Hmm, this is a difficult one: while we don't want to force repositories what to do, I think we should at least agree on things like common signing formats (e.g., DSSE) and solutions so that there is some interoperability, not to mention ultimately shared strengths. While each repo can begin with different solutions as they see fit, I think some level of shared convergence is important so that, for example, we can write open source tooling that can access supply chain security for packages without resorting to different logic for each repo. Imagine if each website implemented TLS differently, so that browsers had to write different logic for different websites: it would be undesirable to have that situation for codesigning. Perhaps this is something we should discuss in the first few meetings.
Jumping in from the Maven Central & Sonatype side...
I think this a great proposal and fully support it. When I was at GitHub we hosted a PackCon event and invited package manager/registry maintainers to discuss common issues and approaches. Security was a large part of this discussion and despite the significant implementation differences between package managers there was a significant overlap in the underlying problems trying to be solved.

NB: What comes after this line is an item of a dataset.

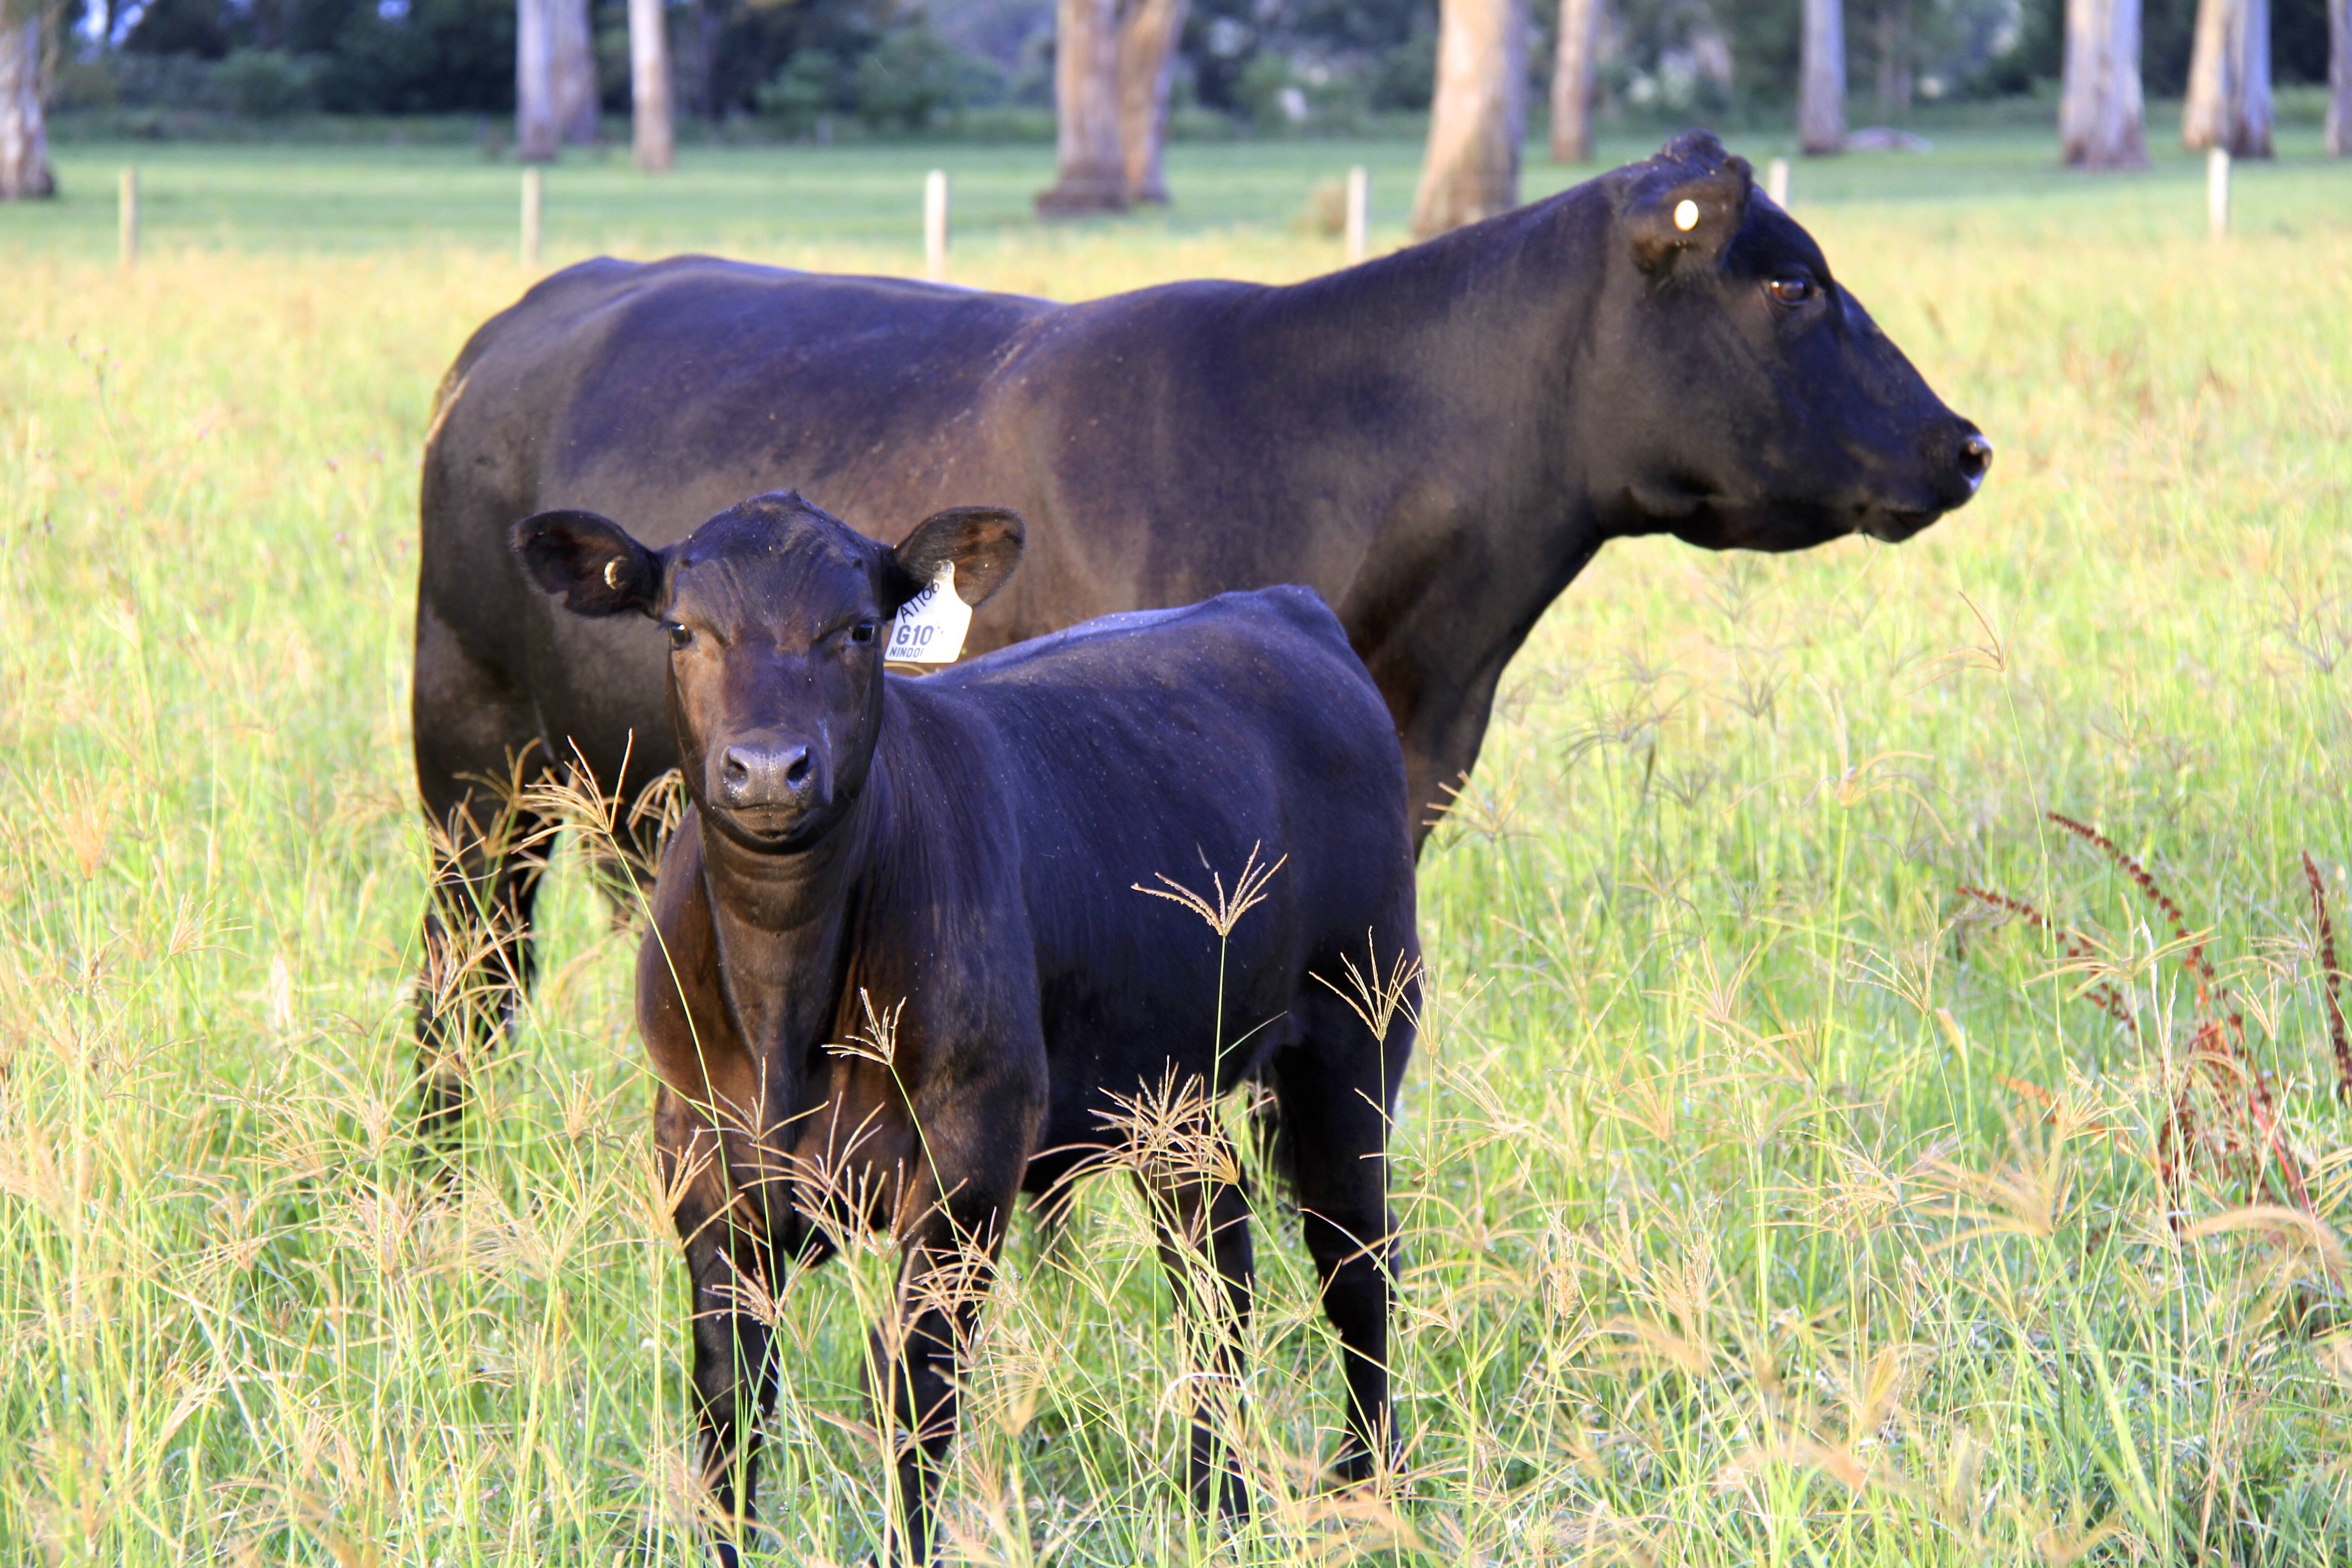 A Guide to Udder and Teat Scoring Beef Cows

FYI - a new repo for the proposed WG has been created at https://github.com/ossf/wg-securing-software-repos
thanks @bobcallaway. How do folks go about requesting membership? Is the membership list of working groups displayed publicly anywhere?
To be clear I think it is good to document this kind of stuff publicly, just curious process as I'm unfamiliar
I'm wondering as well how to join Slack for example, since I don't have email at allowed domain.
thanks @bobcallaway. How do folks go about requesting membership? Is the membership list of working groups displayed publicly anywhere?
Since meetings are open to the public there's no real concept of a "member". Some WGs choose to maintain a list of participants which are basically just people that choose to add their name to a public list.
It's open in practice, but the proposed CHARTER.md
does require a named list of "Maintainers" in order to function. One of my action items for this week is to pull out attendees of >2 meetings from the minutes to form the basis for that list.
@simi There's an invite link, I've made a PR to add it to the WG README: https://github.com/ossf/wg-securing-software-repos/pull/5
The creation of the WG was approved on April 13, 2022, so closing this :)
Folks involved in RubyGems, PyPI and npm have been informally swapping notes over the past few months as we have each pursued our own goals. After some back and forth, we joined a single call and began to more seriously compare experiences and problems.
From that meeting has arisen the idea that we would like to form a proper working group, in order to maintain momentum on sharing ideas, designs and solutions to obstacles. This seems to be a good fit for the OpenSSF, as source package systems represent a very large fraction of the overall software supply chain.
I see this working group being less about end-to-end security (for which Supply Chain Integrity WG is already responsible) and more specifically scoped to source package managers. We have a lot of nitty gritty details to discuss that would bog down existing working groups, but which nonetheless are profitable to discuss regularly.